§ **Activity**: Below are some records. Return exactly their lines from the one containing "Yeya также элегантный" through the one containing "Travel to Bangkok: City", and drop the pictures.

§ **Dataset records**:
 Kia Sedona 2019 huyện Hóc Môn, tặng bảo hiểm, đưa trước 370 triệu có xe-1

==

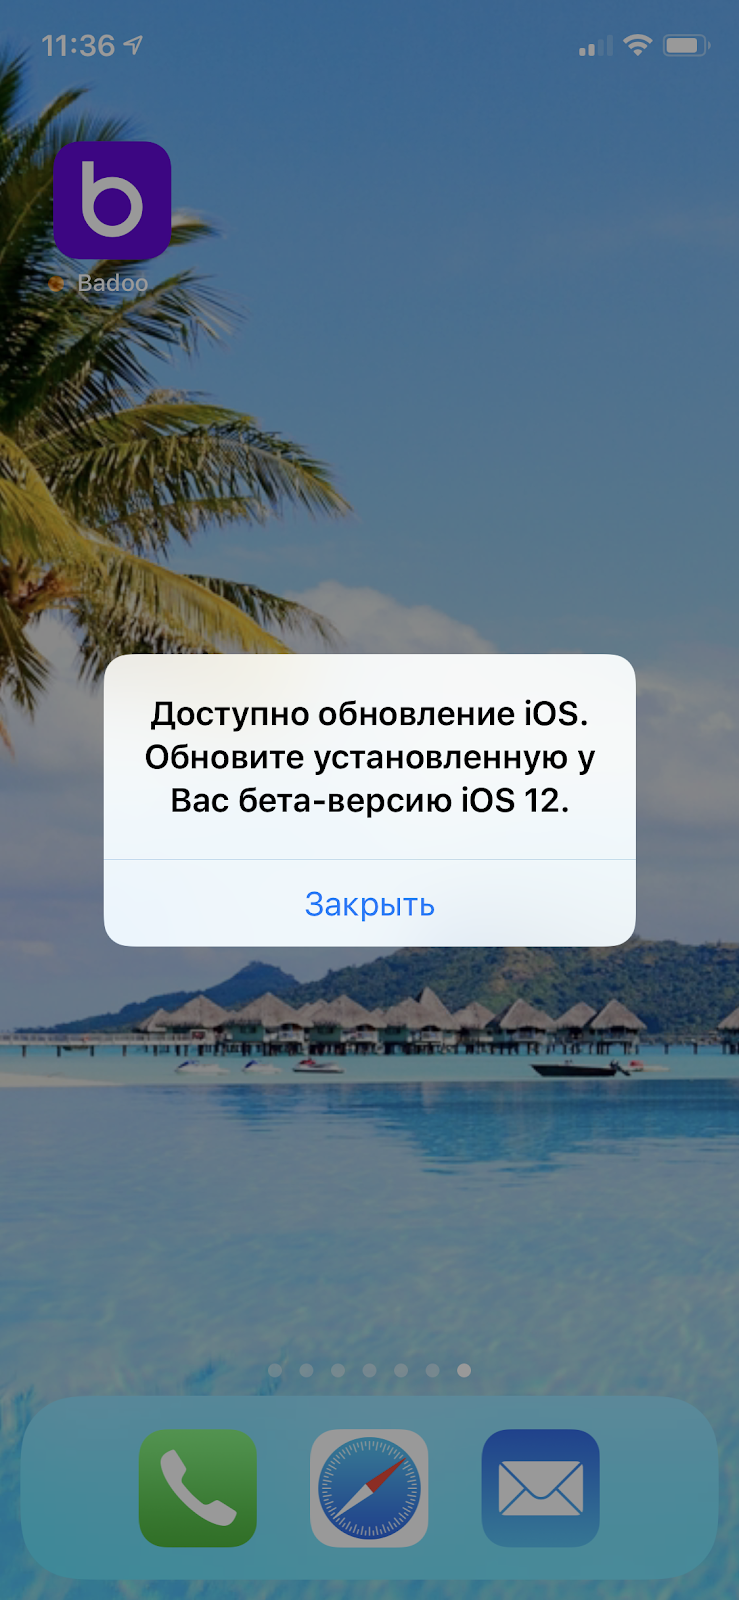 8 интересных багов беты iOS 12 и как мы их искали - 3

--

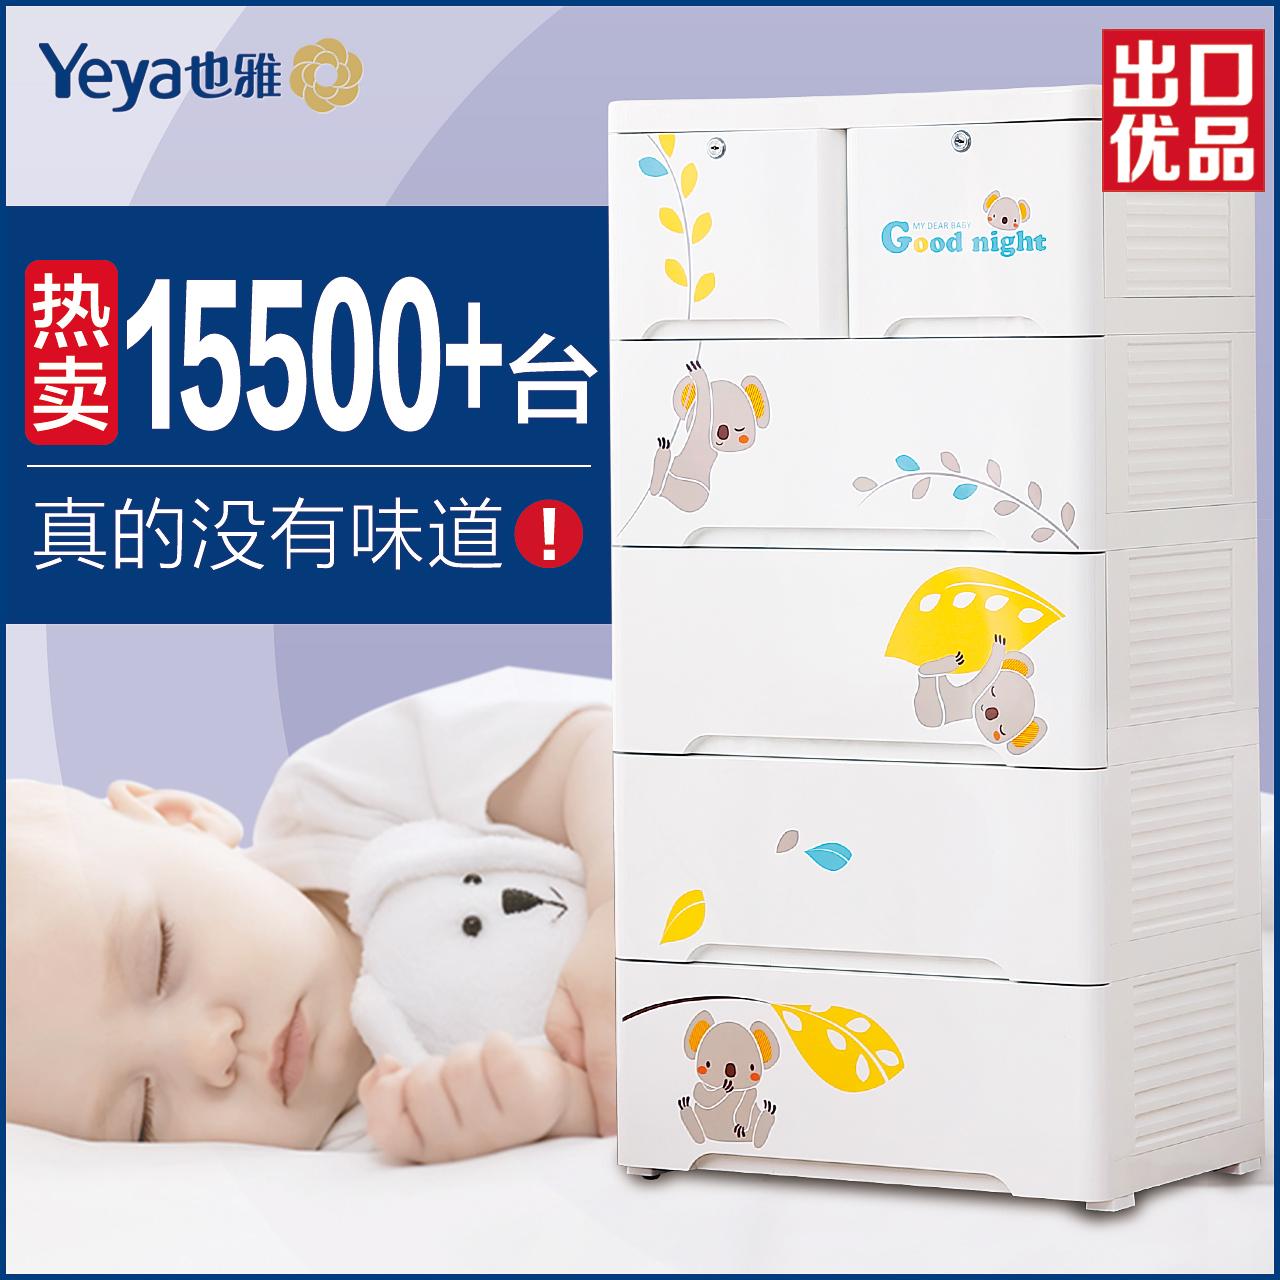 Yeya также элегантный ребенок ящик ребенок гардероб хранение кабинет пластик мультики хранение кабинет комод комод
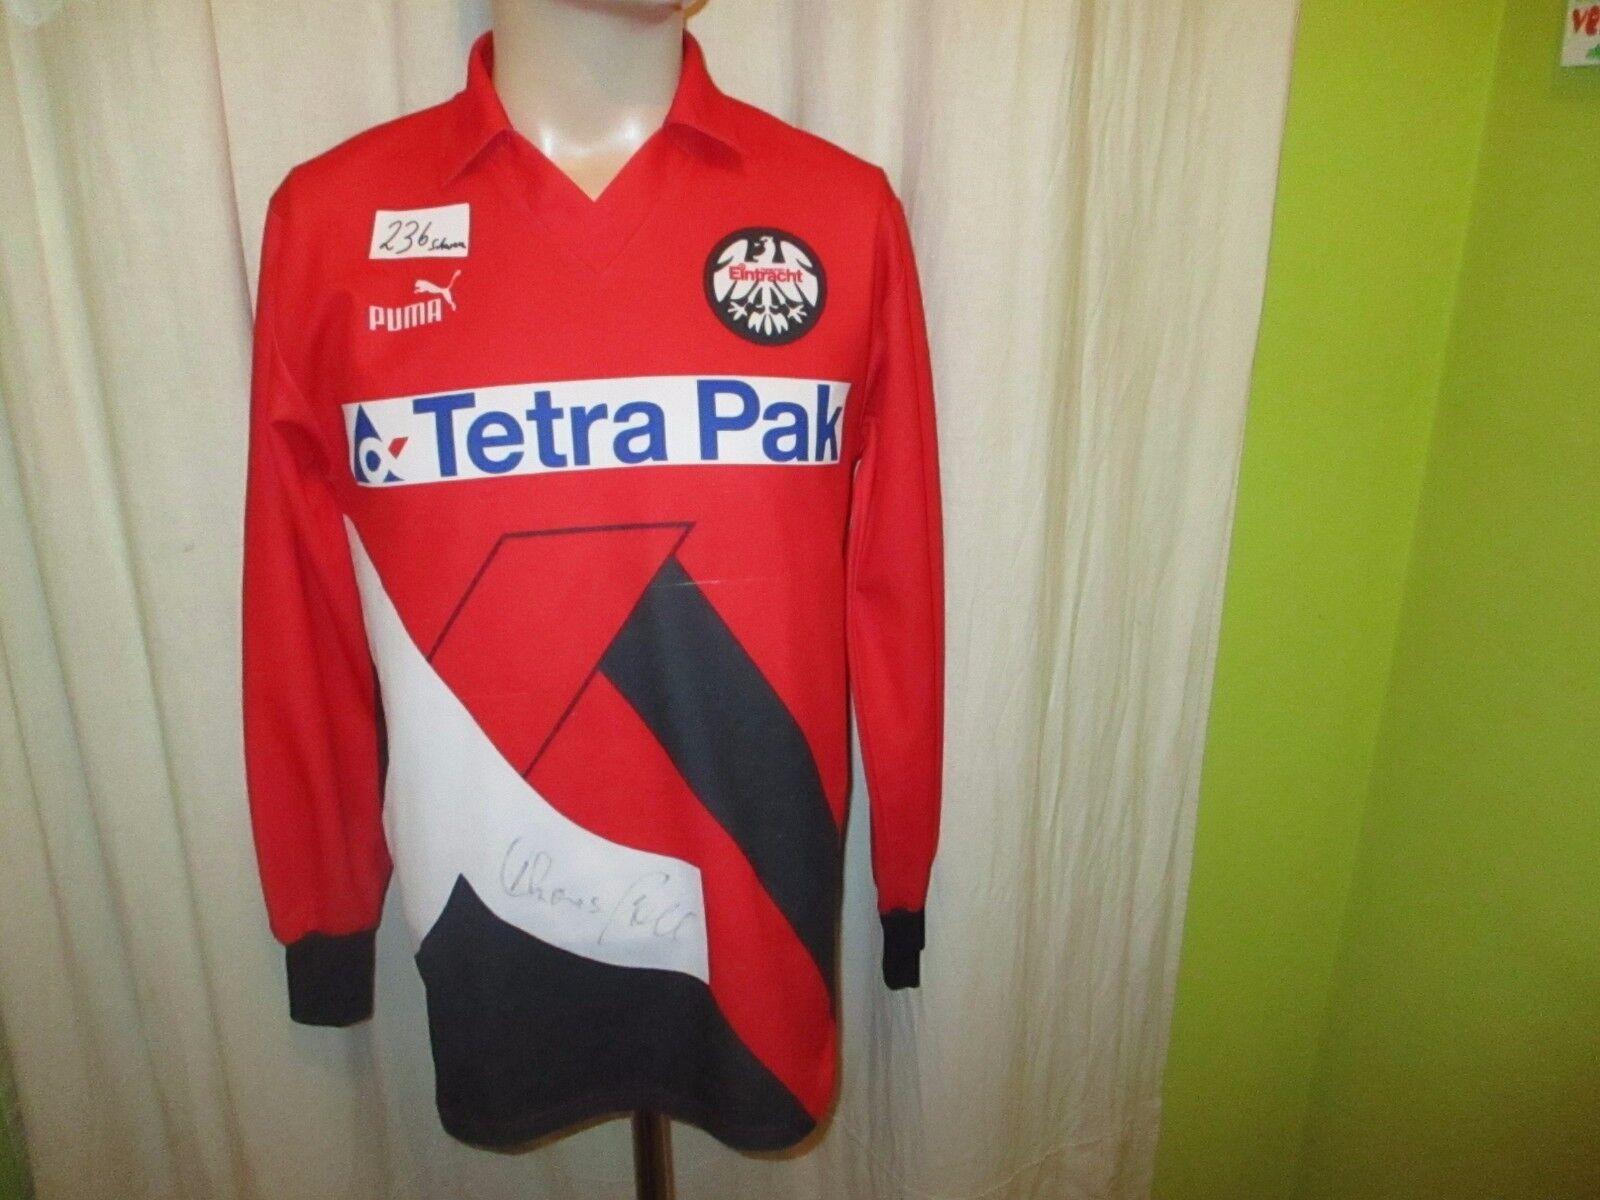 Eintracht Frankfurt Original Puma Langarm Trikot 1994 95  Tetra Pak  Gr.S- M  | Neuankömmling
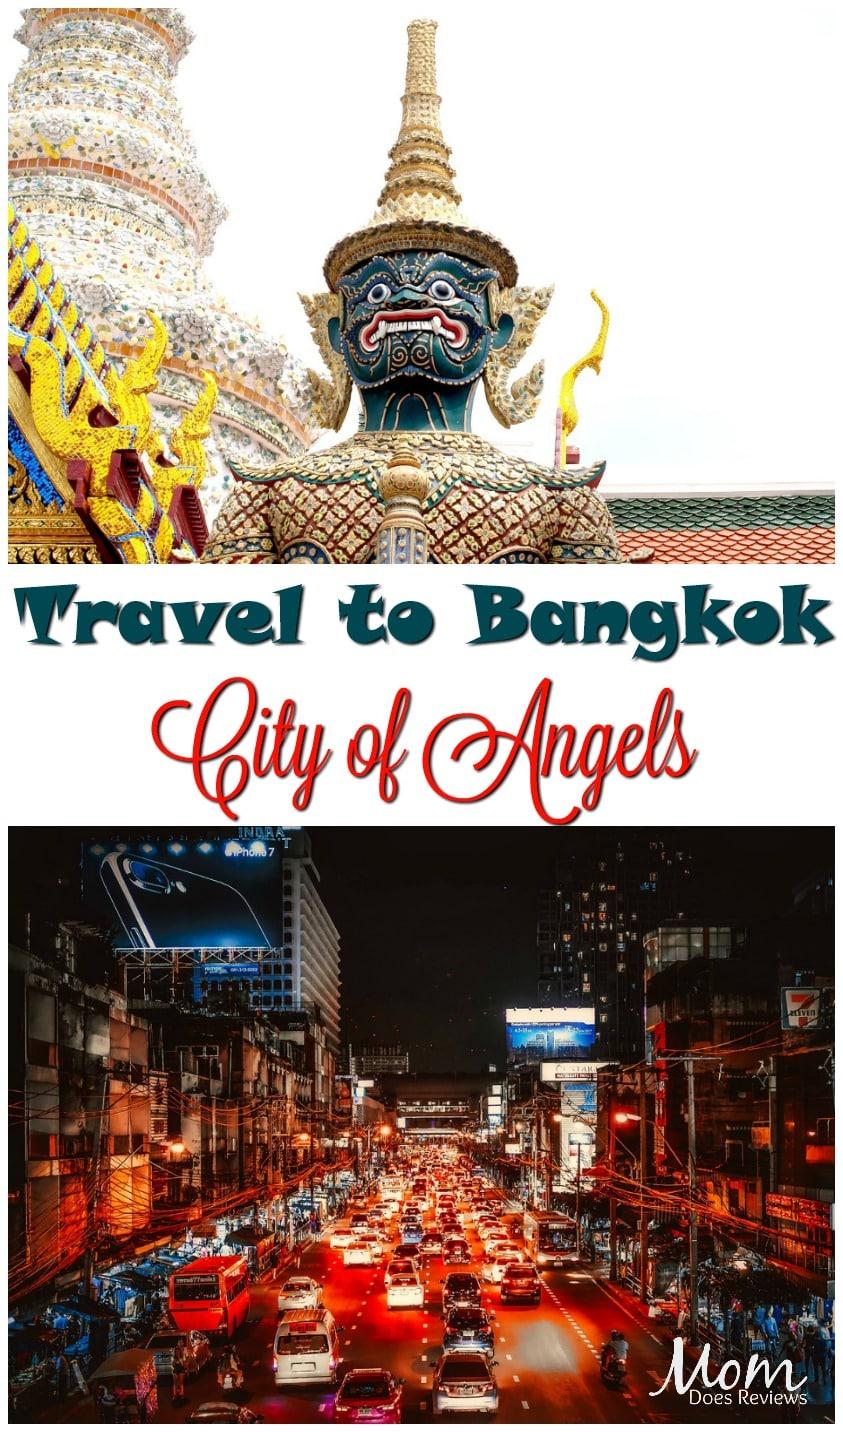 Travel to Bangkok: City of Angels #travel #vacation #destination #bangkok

§ **Response**:
 Yeya также элегантный ребенок ящик ребенок гардероб хранение кабинет пластик мультики хранение кабинет комод комод
 Eintracht Frankfurt Original Puma Langarm Trikot 1994 95  Tetra Pak  Gr.S- M  | Neuankömmling
 Travel to Bangkok: City of Angels #travel #vacation #destination #bangkok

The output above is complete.